Airbnb’s on-again/off-again settler boycott took another strange twist on Tuesday, when one of its top executives, Chris Lehane, took the unusual step of traveling over the Green Line to visit the Barkan Industrial Park.
He is part of a group of Airbnb officials who are in Israel this week as the company reexamines its November decision not to list Jewish vacation rentals in Area C of the West Bank.
On Monday, the company – which for the last month has been the corporate poster child for the Boycott, Divestment and Sanctions movement – announced that it actually opposed the campaign.
Then it backed up that statement with its feet, literally.
Less than 24 hours later, the US-based company took a step considered taboo among BDS supporters and visited Judea and Samaria, akin to the wolf walking into the sheep pen to make friends.
In Barkan, Airbnb executives met there with Samaria Regional Council head Yossi Dagan, who often hosts foreign delegations, including members of Congress, European politicians, corporate executives, ambassadors and Christians wanting to see the biblical heartland.
Barkan is often a stop on those tours. The industrial park is touted as an economic oasis in the Israeli-Palestinian conflict, and its factories employ both Palestinians and Israelis.
In many cases, the visitors already support an Israeli presence in the West Bank and in other cases they are on the fence and want to examine the situation.

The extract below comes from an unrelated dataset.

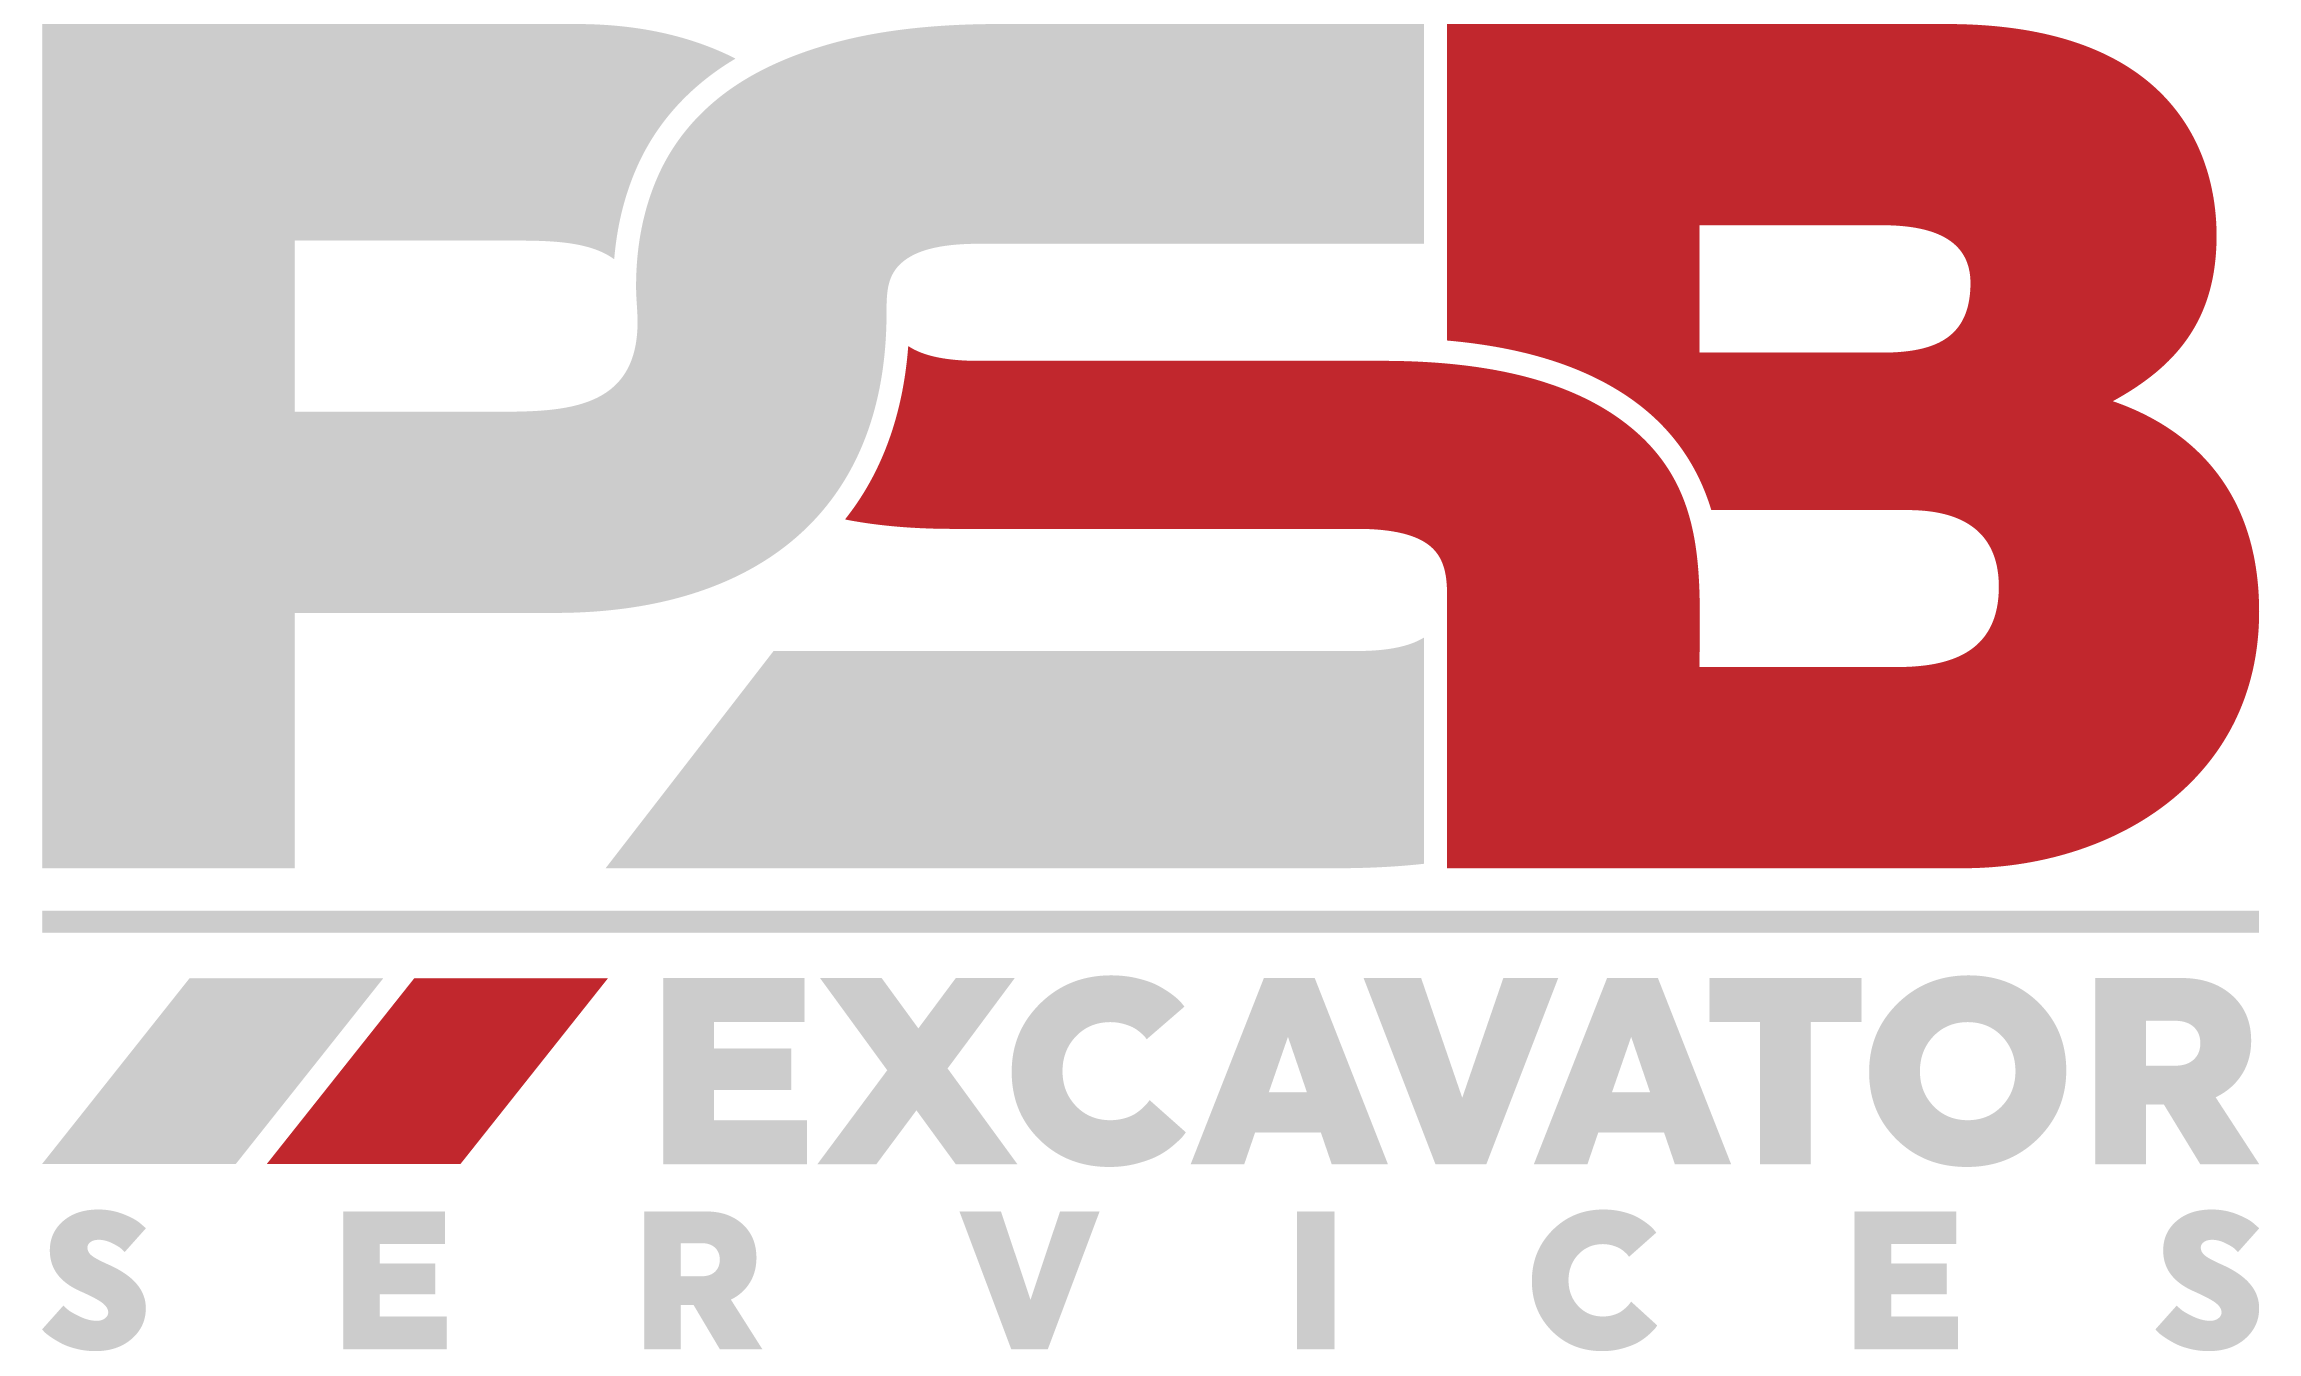 PSB Excavator Services

The Airbnb visit marked the first time Dagan hosted a company that had announced a plan to boycott the settlements and whose website still states that the ban is company policy.
The visit was kept under wraps until 6 p.m. Tuesday, when Dagan posted a statement about it on his Facebook page, explaining that the visit was “an important step against BDS.”

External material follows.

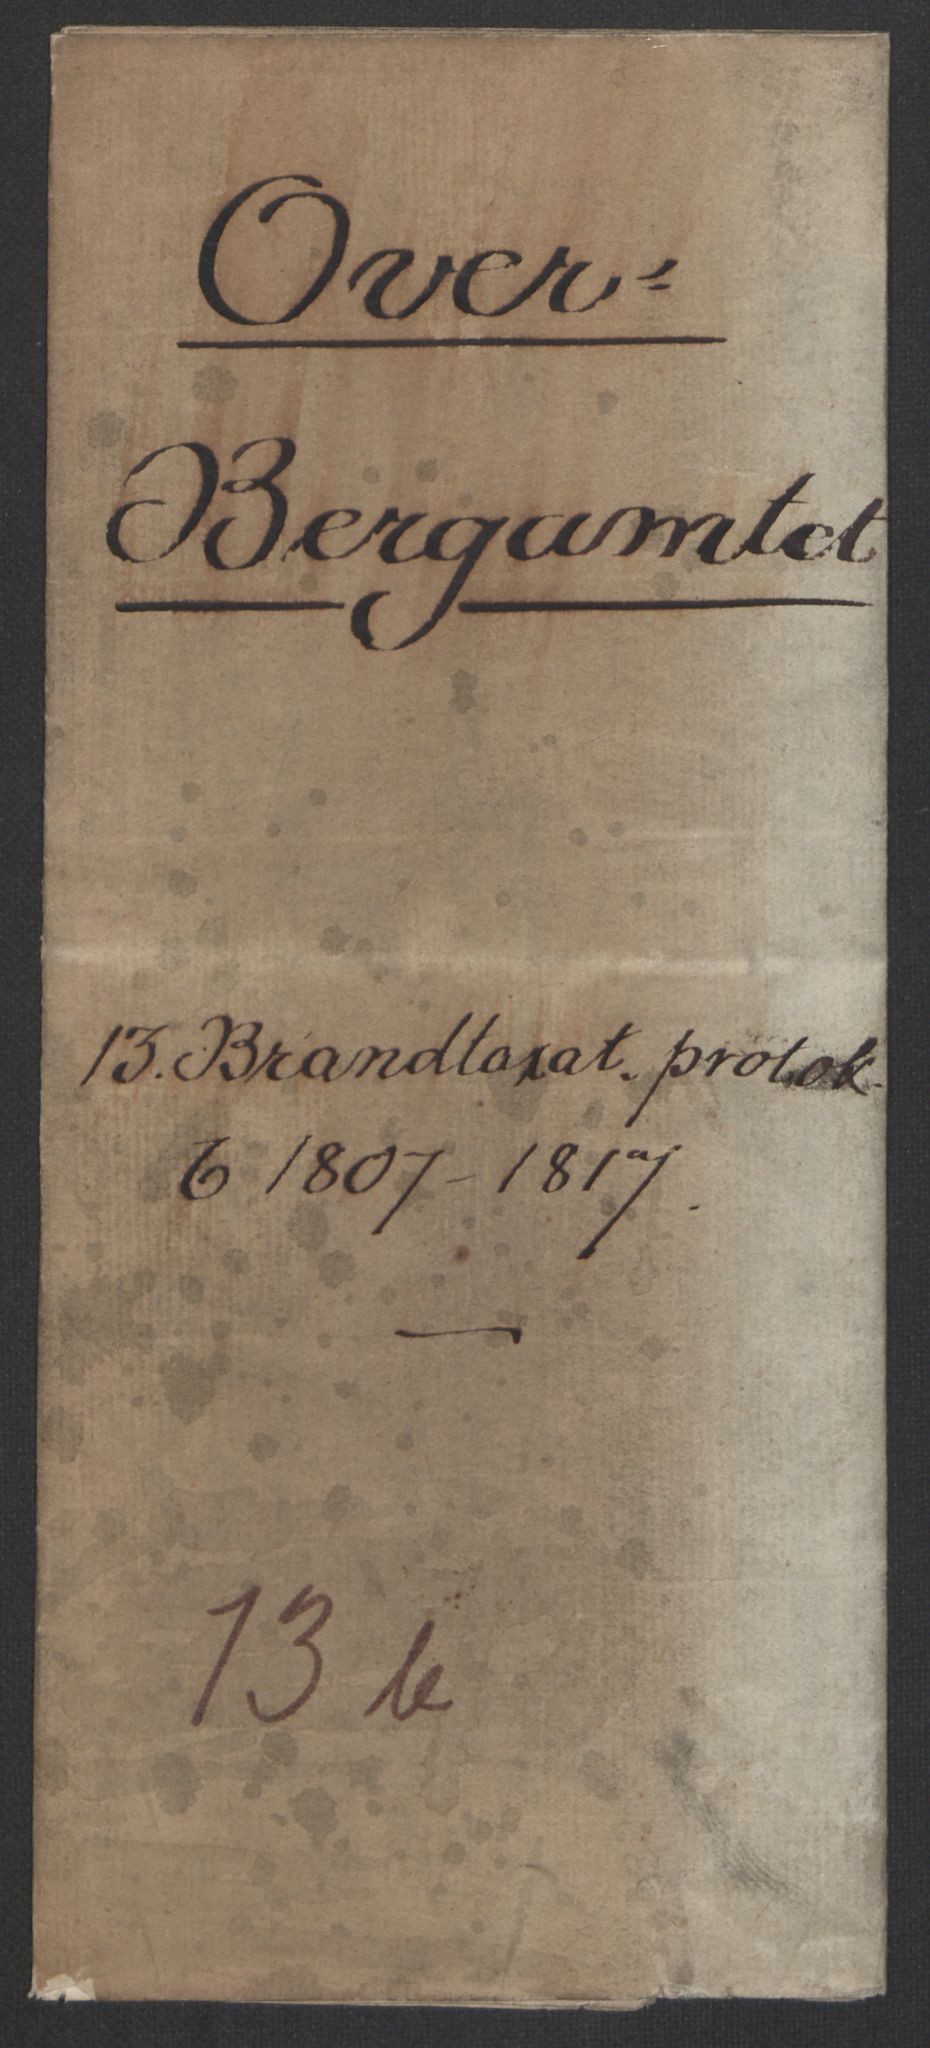 Sønnafjelske bergamt , SAKO/EA-5262/K/L0003: Branntakstprotokoll, 1807

Dagan took the Airbnb executives to the Alon Group’s factory, where a Palestinian terrorist shot to death two Israelis in October.

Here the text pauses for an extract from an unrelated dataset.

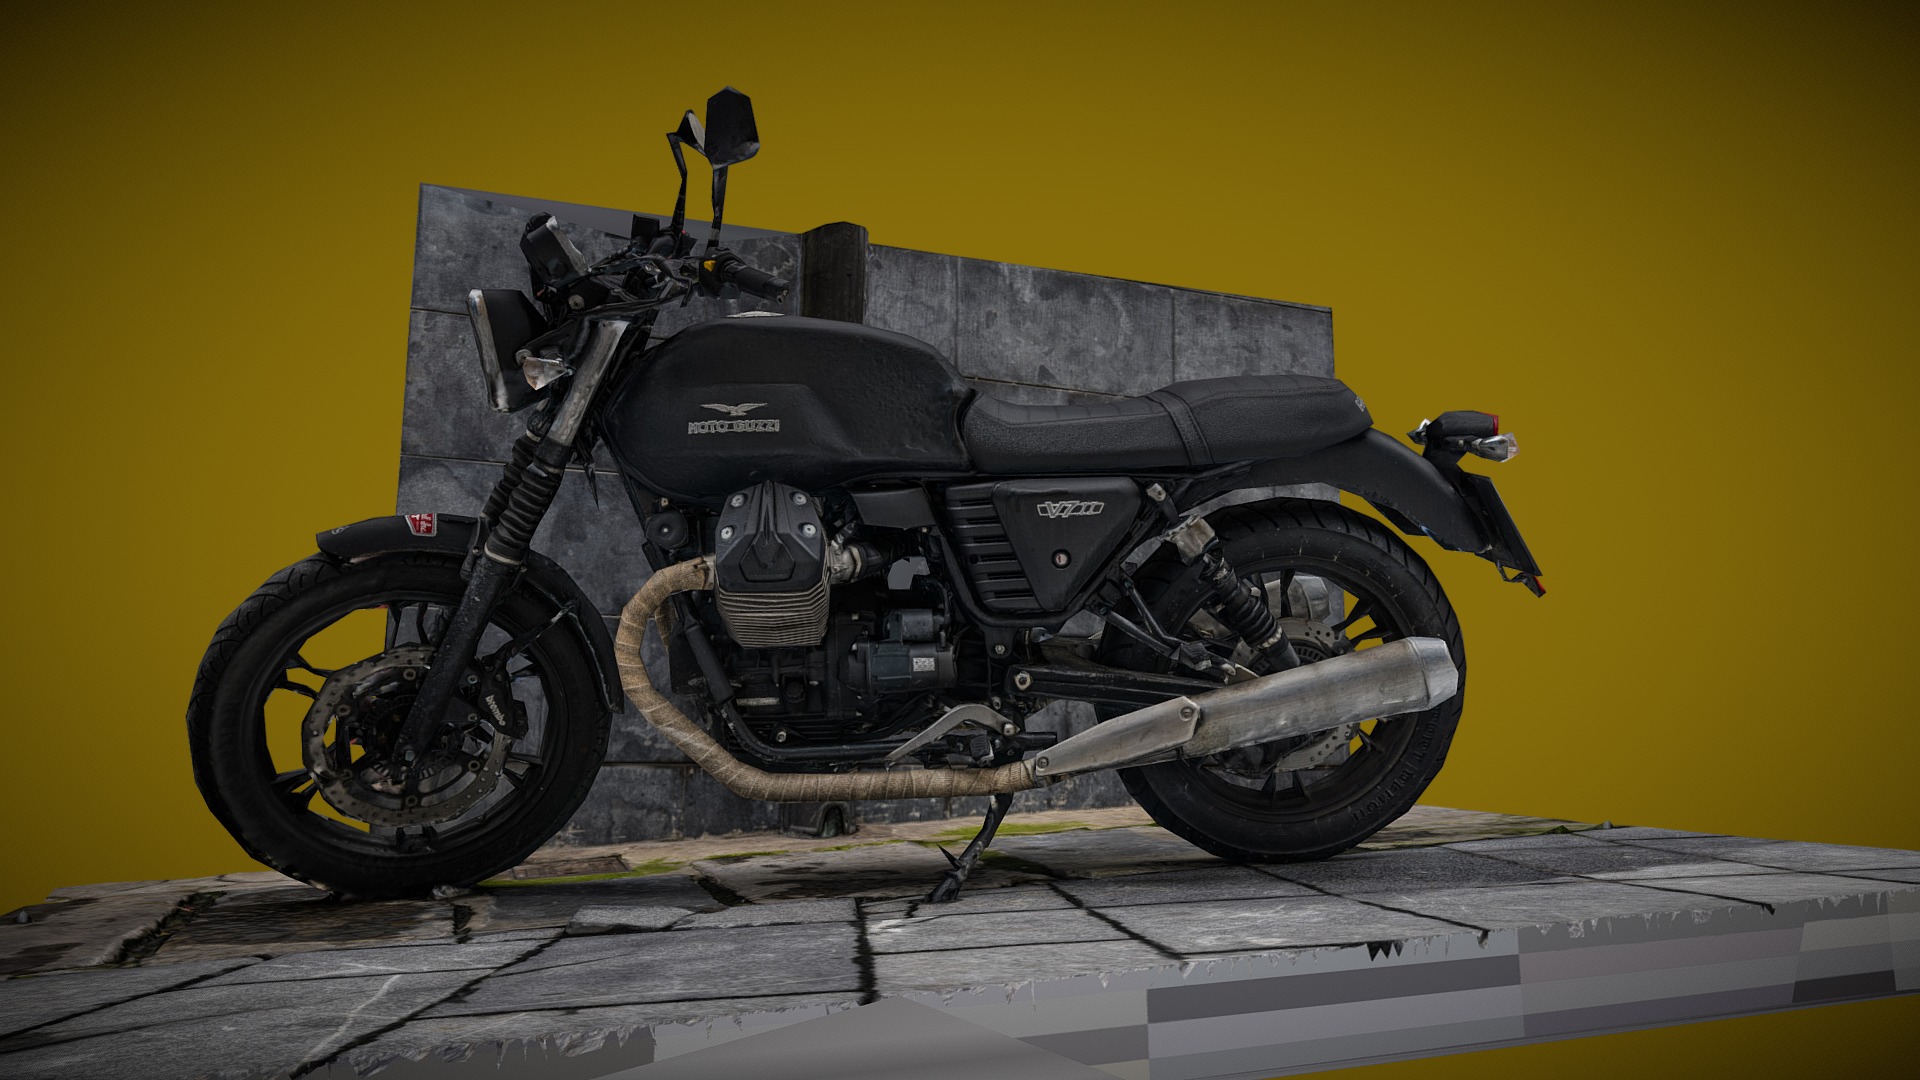 3D model 10K- Moto Guzzi v7 photogrammetry scan remake - This is a 3D model of the 10K- Moto Guzzi v7 photogrammetry scan remake. The 3D model is about a motorcycle on a platform.

Dagan told them he was glad to hear of their anti-BDS statement and asked them to make good on that position by rescinding its November decision.
Earlier in the day, former Brig.-Gen. Gal Hirsch posted on his Twitter feed that on behalf of the Israel Project, he had taken Airbnb executives on a helicopter ride so they could view Israel from the sky and better understand its complex reality.
The Airbnb group also met with Tourism Minister Yariv Levin the day before.
The trip set off a chain reaction of confusion, after the company spokesperson in Israel sent out a message that the company did not intend to execute its boycott policy.
The ministry tweeted its excitement about the statement, which caused local media to proclaim that Airbnb had rescinded its boycott.
Airbnb’s press office then issued a statement, explaining that the reports were inaccurate, that it opposed BDS, but it did not confirm that it had rescinded its boycott policy.
“Airbnb communicated that we are developing the tools needed to implement our policy, and that process includes continuing our dialogue with the Government of Israel and other stakeholders,” the statement read instead.
As of press time, the company’s web site continued to post a statement explaining that it bans settler listings.
Prior to the November boycott decision, settler listings had appeared on its map. Those listings have indeed been removed, but in some cases they can still be found among the text listings, although the listings do not pop up easily on the site.
For example, when you plug in Efrat, Bethlehem comes up. In other cases, the listings are still there, particularly for those who know how to search for them.
In effect, the company has in place a partial boycott. But its public statement generated a backlash. Numerous legal cases were filed against it both in the US and in Israel, and the company risks running afoul of anti-BDS laws in 26 states.
International legal expert Eugene Kontorovich summed it up this way: “Underneath all the spin, the company has been alarmed by lawsuits against their policy and by recent action by states like Illinois to block pension investment in the company. They are trying to obfuscate and spin until they get past their planned IPO in the spring.
“While the company’s actions show they are alarmed by the unexpected blowback to their policy, without officially ending their uniquely discriminatory policy against Jewish communities, they will still face the legal consequences,” said Kontorovich, who is the director of International Law at the Jerusalem-based Kohelet Policy Forum.